Like I said, it’s temperament. Taste is probably pretty close to that in that there’s no accounting for it, but it may be something more basic to one’s person than taste. Tastes change, temperament lingers. No one ought to be saying that religiosity has something to do with intelligence or lack thereof. There are learned believers, and we owe to a long history of them the maintenance of civilization in two hemispheres.

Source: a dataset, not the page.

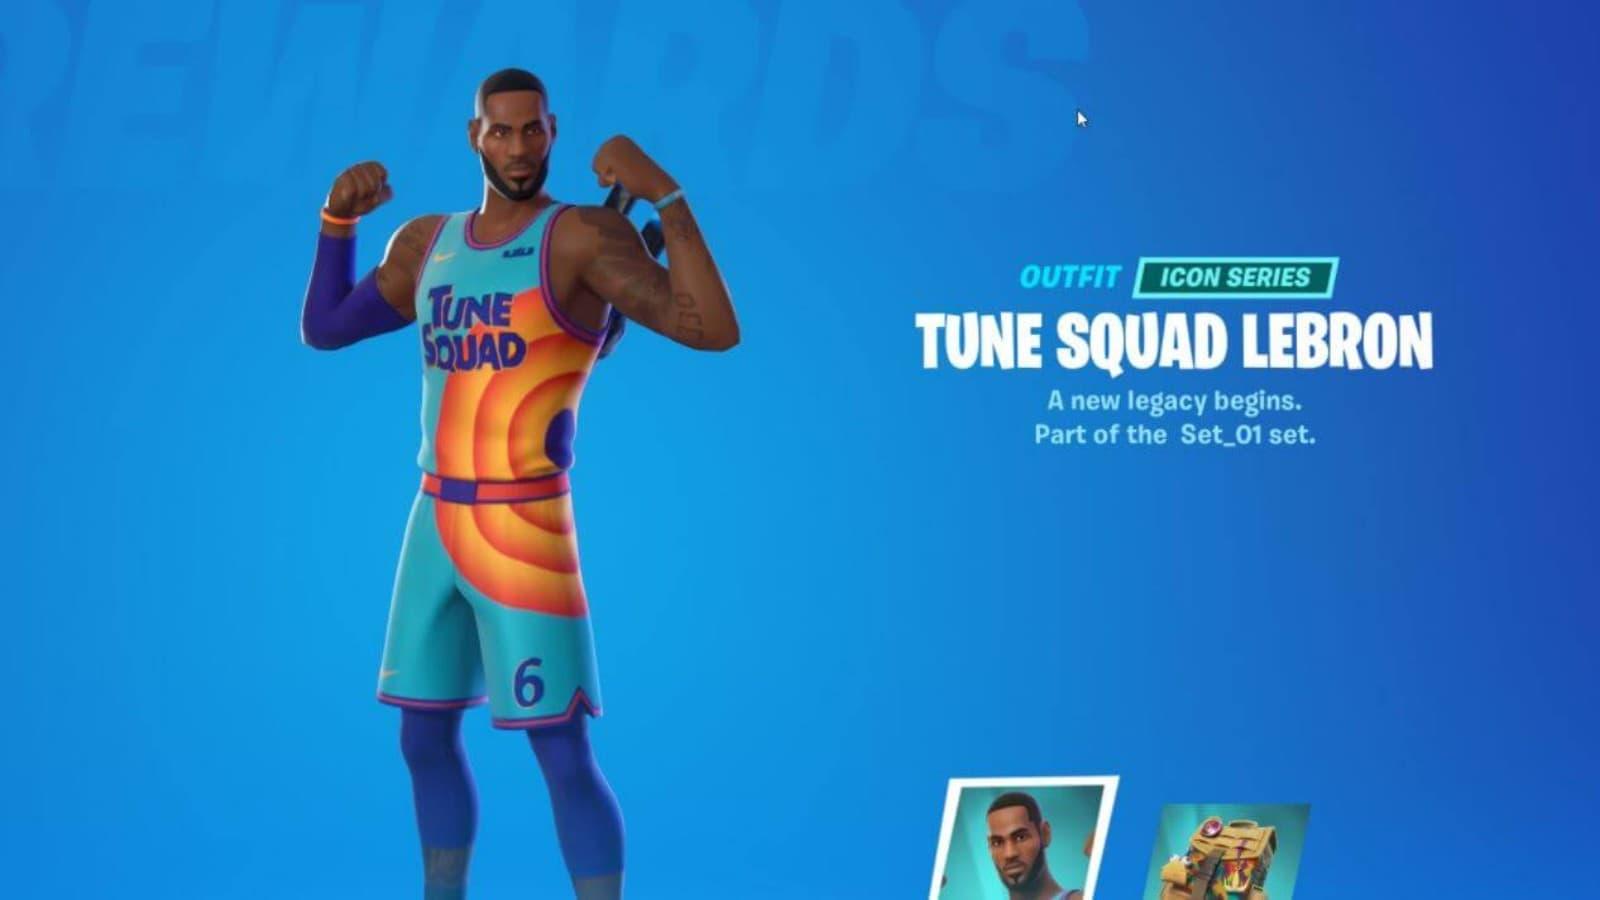 Fortnite LeBron James Skin in Season 7 Icon Series

Nevertheless. At times I turn to poetry for insights into the Big Questions. Hearing that called religion is grating on my ear; that’s making too much of it and making it into the wrong kind of thing all at once. There’s not something called “apoetry” for people who don’t do this, and even if there were it would be absurd to say that apoetry is a form of poetry. There is simply some other activity other than taking down the Larkin from the bookshelf. Atheism can’t occupy a space where religion lies for many people, yourself included, because atheism is the very absence of religion. Something else has to go there. Fortunately there is much else that can, for those so inclined. Not just on paper, if you don’t mind, but in my experience and others’.
It sounds like you’ve been fighting with some rather poor atheists. I suggest that it’s probable that they were fighting with some rather poor religious people before they got to you. That’s the world for you.
As for the movie trailer, considerations about how well the film correlates with reality are overwhelmed by my distaste for melodrama.
** disengages lurking mode **
Just wanted to say this blog has some of the best comment threads I’ve seen.